Наташа торопливо вытерла глаза кулаками и, по-детски подшмыгивая носом, кинулась было бежать и вдруг споткнулась. Острая боль резанула в ступне. В глазах потемнело, и она свалилась на бок. Командир санроты бросился к ней, увидел, что из срезанной будто ножом головки сапога медленно стекает кровь, образуя в снегу ямку с оранжевыми краями.
В тот же вечер Наташу Канашову отправляли в госпиталь. Пришли подруги по службе, пришел и командир санитарной роты. Он дождался, пока все попрощаются и уйдут, и сказал Наташе:
- Вы, Канашова, наверно, ошиблись. Я проверил все списки эвакуированных сегодня. Фамилии Миронова в них нет…

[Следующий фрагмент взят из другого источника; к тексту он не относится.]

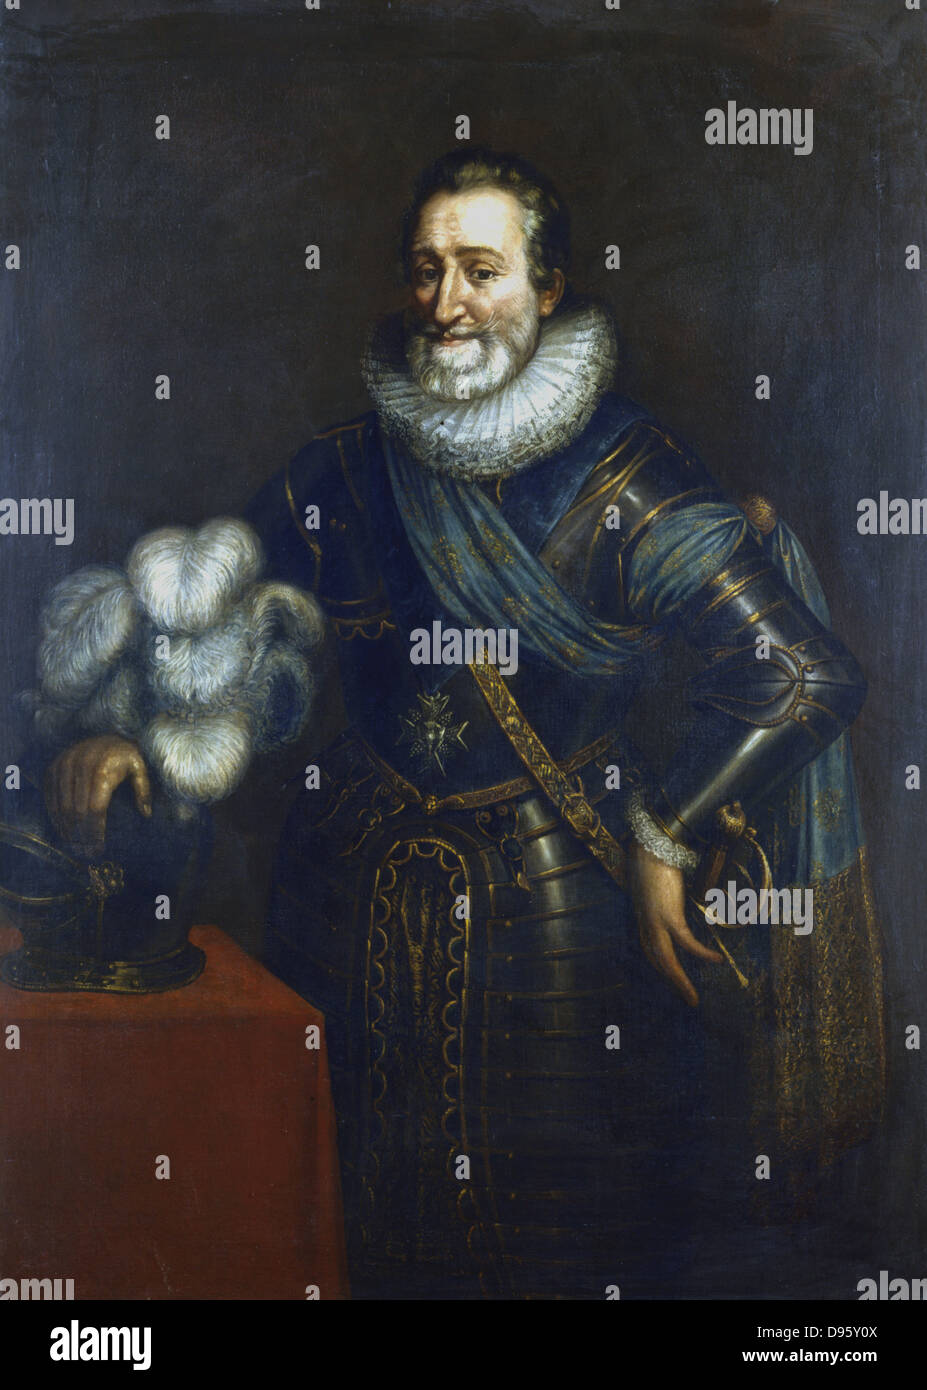 Heinrich IV. (1553-1619), König von Navarra 1572, König von Frankreich von 1589. Porträt in der Rüstung, zurückzuführen auf Jakob Bunel (1550-1614). Private Sammlung. Stockfoto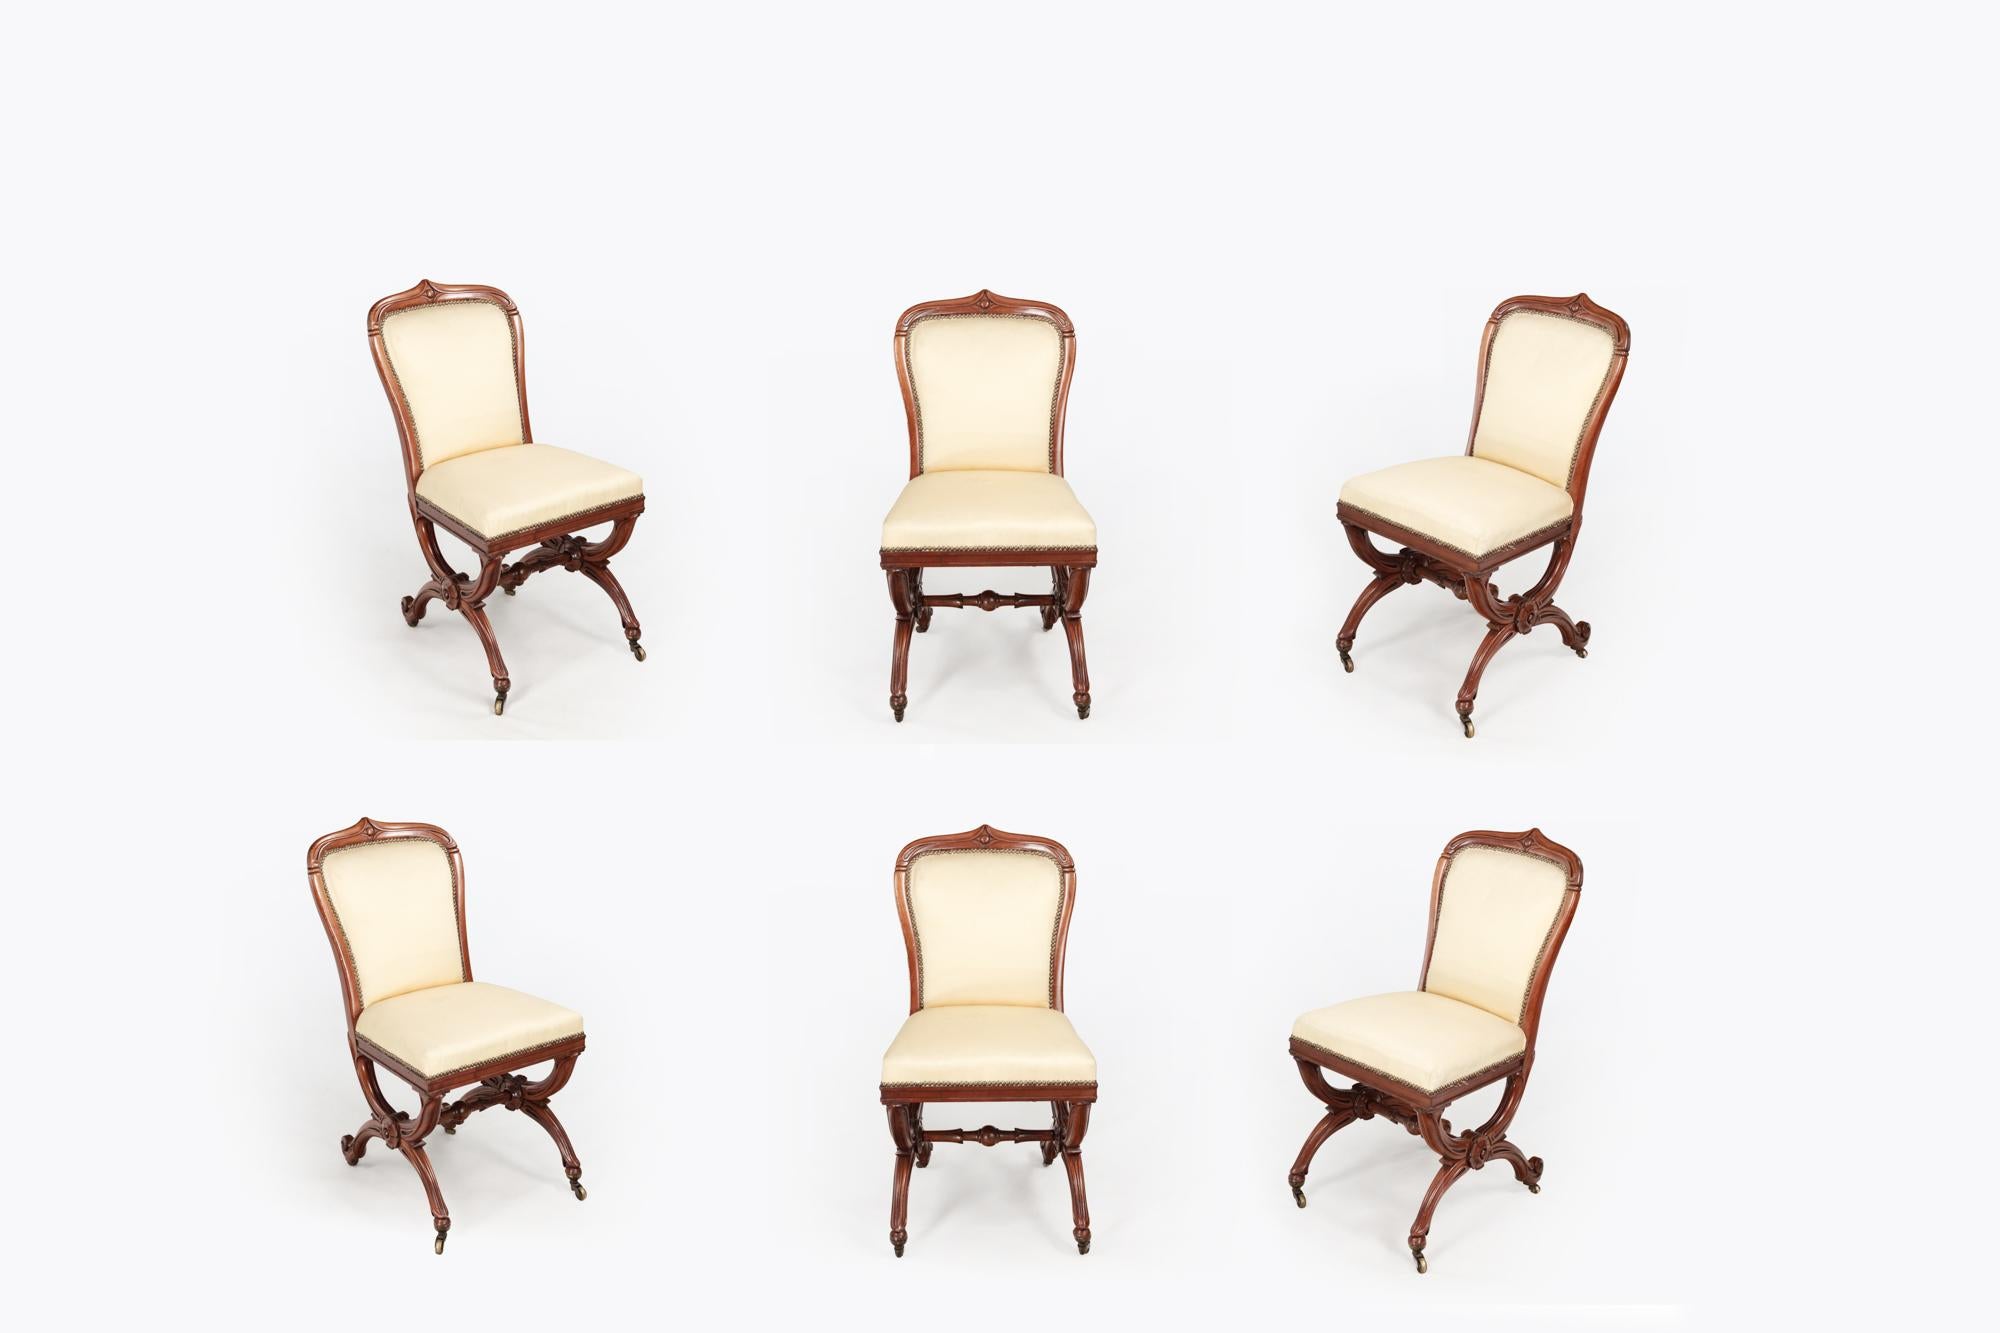 Ensemble de six chaises de salle à manger du 19e siècle avec des cadres en acajou en forme de X et des dossiers paddés. Les pieds en X sont ornés d'une rosace centrale sculptée et sont reliés par des entretoises moulurées. Ils se terminent par des

Так и водится в жизни: пришла беда - растворяй ворота. Тяжело раненная Ляна, вывезенная Самойловым на самолете из вражеского тыла и помещенная в госпиталь, вскоре заболела воспалением легких. Ранение и болезнь придавили ее, как маленькое дерево тяжелым снежным настом.
Она упорно боролась, напрягая все силы, но ослабленное ранением тело болезнь ломала так, что порой казалось, она не выдержит ее смертельной тяжести. Исхудавшие руки были настолько бессильными, что она едва шевелила ими.
Не раз врачи сомневались: выживет ли она? В течение месяца у нее не было никаких признаков улучшения, а следовательно, не было и надежд на выздоровление.
Глава шестая
Все три дня, что Аленцова провела в полку Бурунова, лютовала вьюга. В затишке мороз можно было еще терпеть, но в открытом поле, где проходил передний край, студеный ветер, налетавший порывами, не давал дышать, острый, мелкий снег до боли сек веки, выбивал слезу.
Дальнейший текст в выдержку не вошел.